• [Required work] Starting at the line that contains "Helicopter Pilots Get" and stopping after the line that contains "Parzinger style chandelier", transcribe the listing below exactly; do not include any pictures.

• [The data]
****************
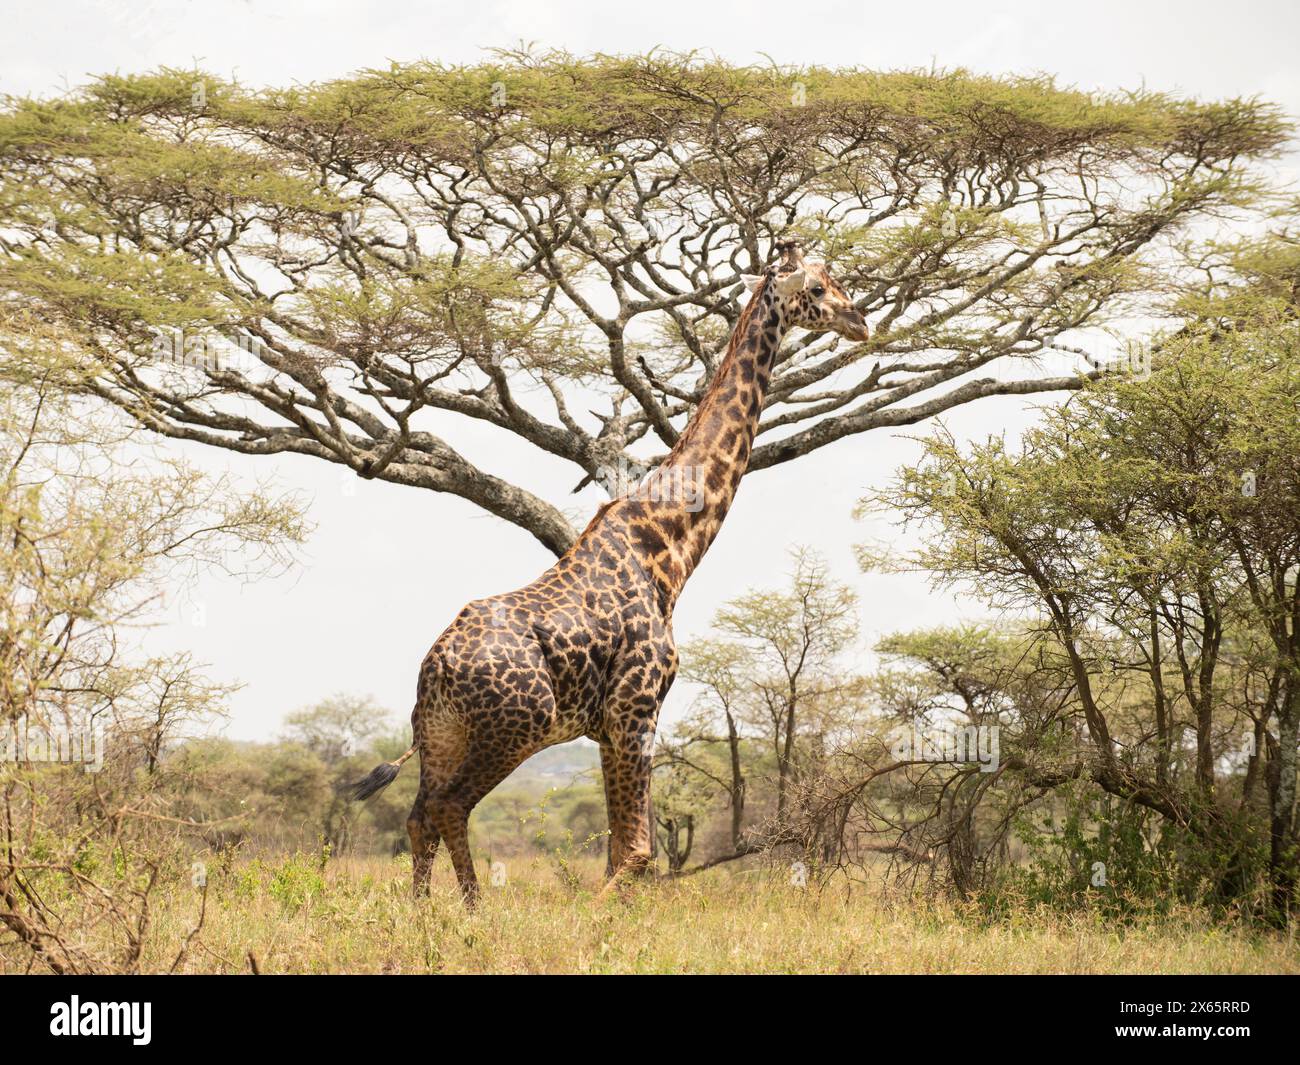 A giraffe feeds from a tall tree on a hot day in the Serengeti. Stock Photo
****************
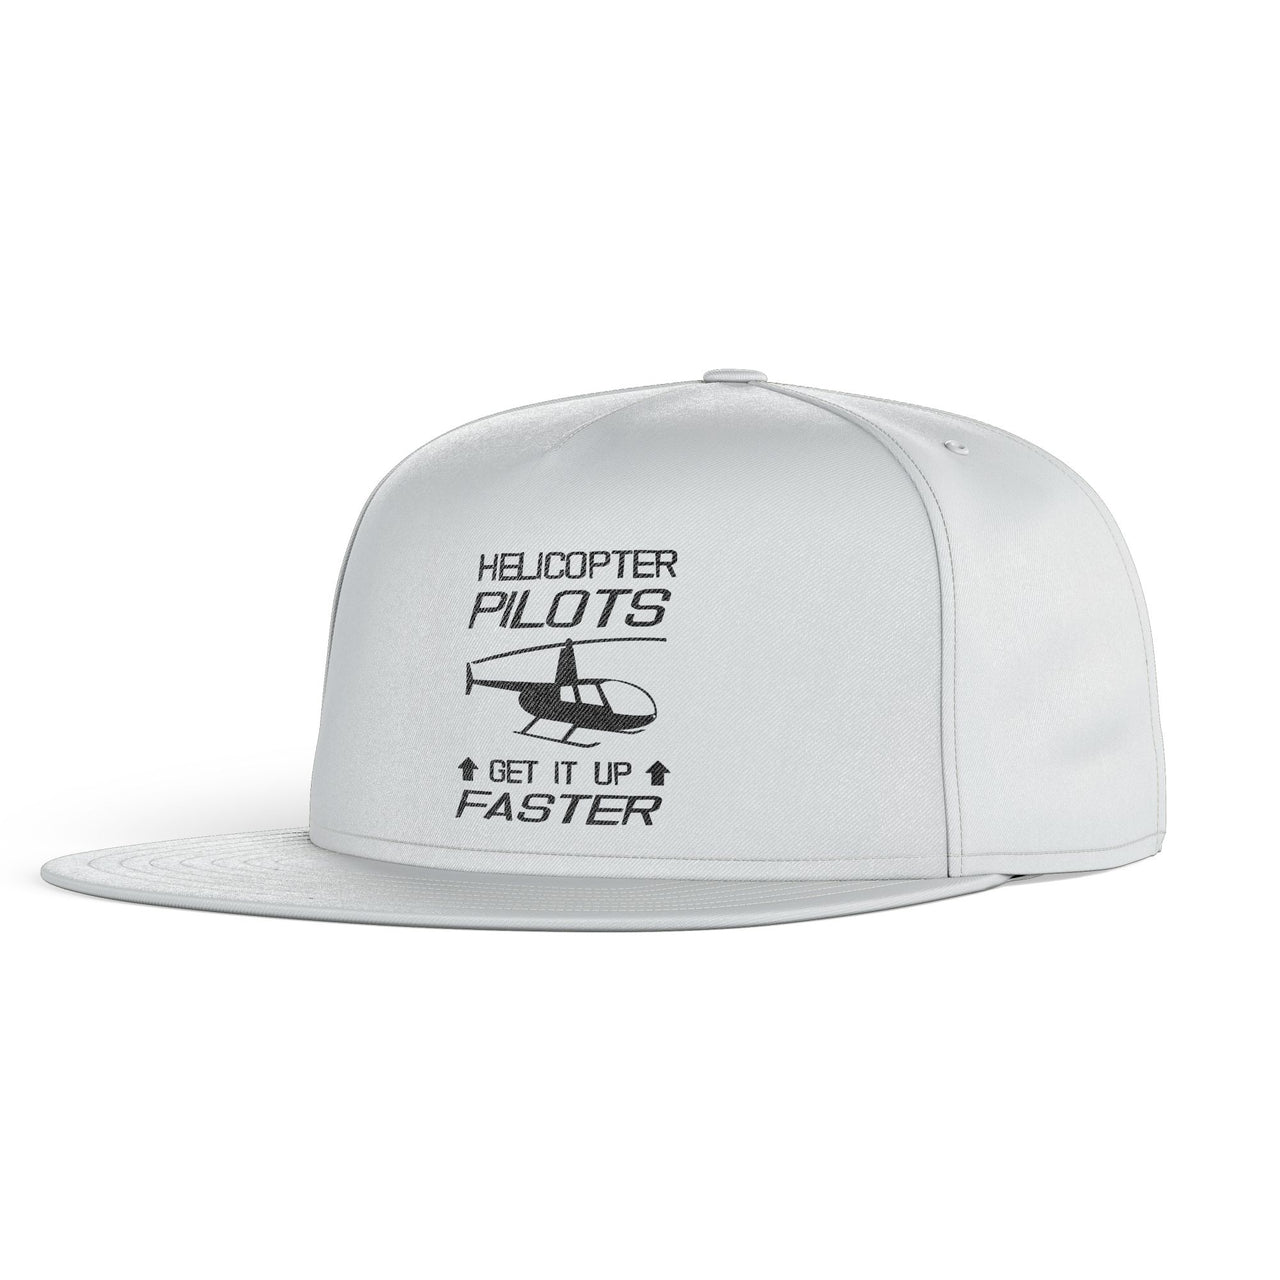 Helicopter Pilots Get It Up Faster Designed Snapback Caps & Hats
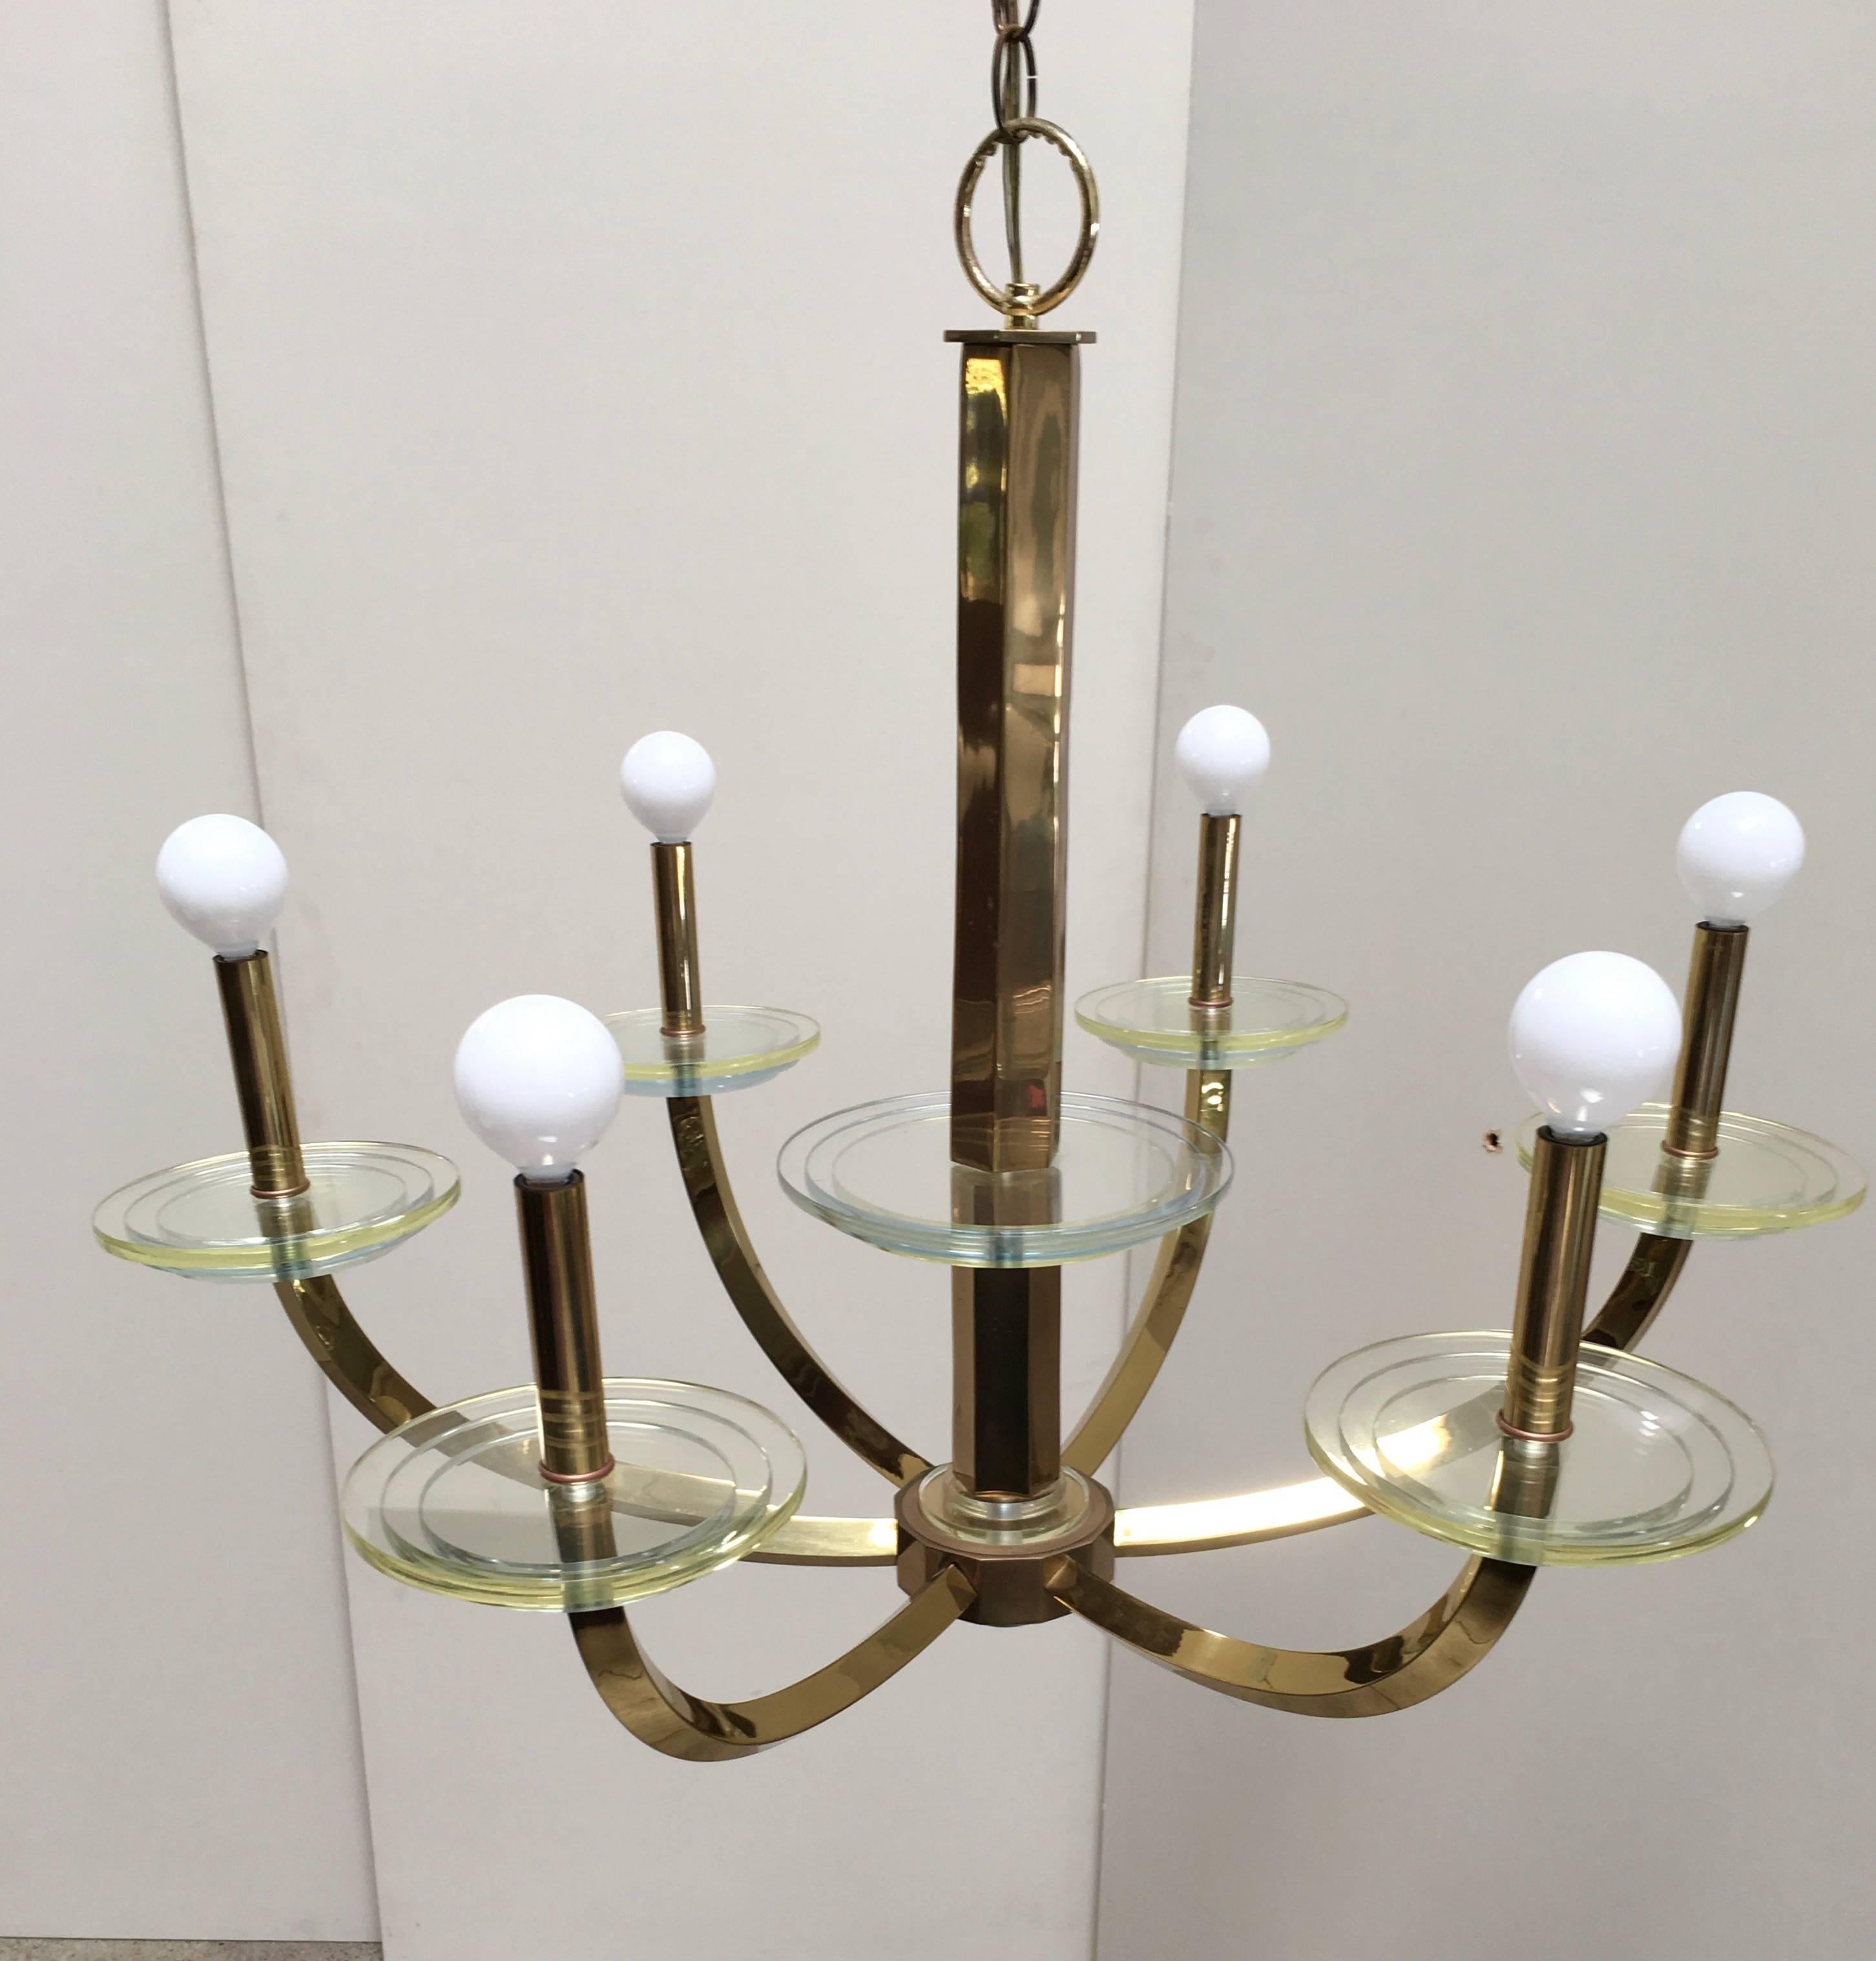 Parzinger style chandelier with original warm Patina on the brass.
****************
• [Task solution]
 Helicopter Pilots Get It Up Faster Designed Snapback Caps & Hats
 Parzinger style chandelier with original warm Patina on the brass.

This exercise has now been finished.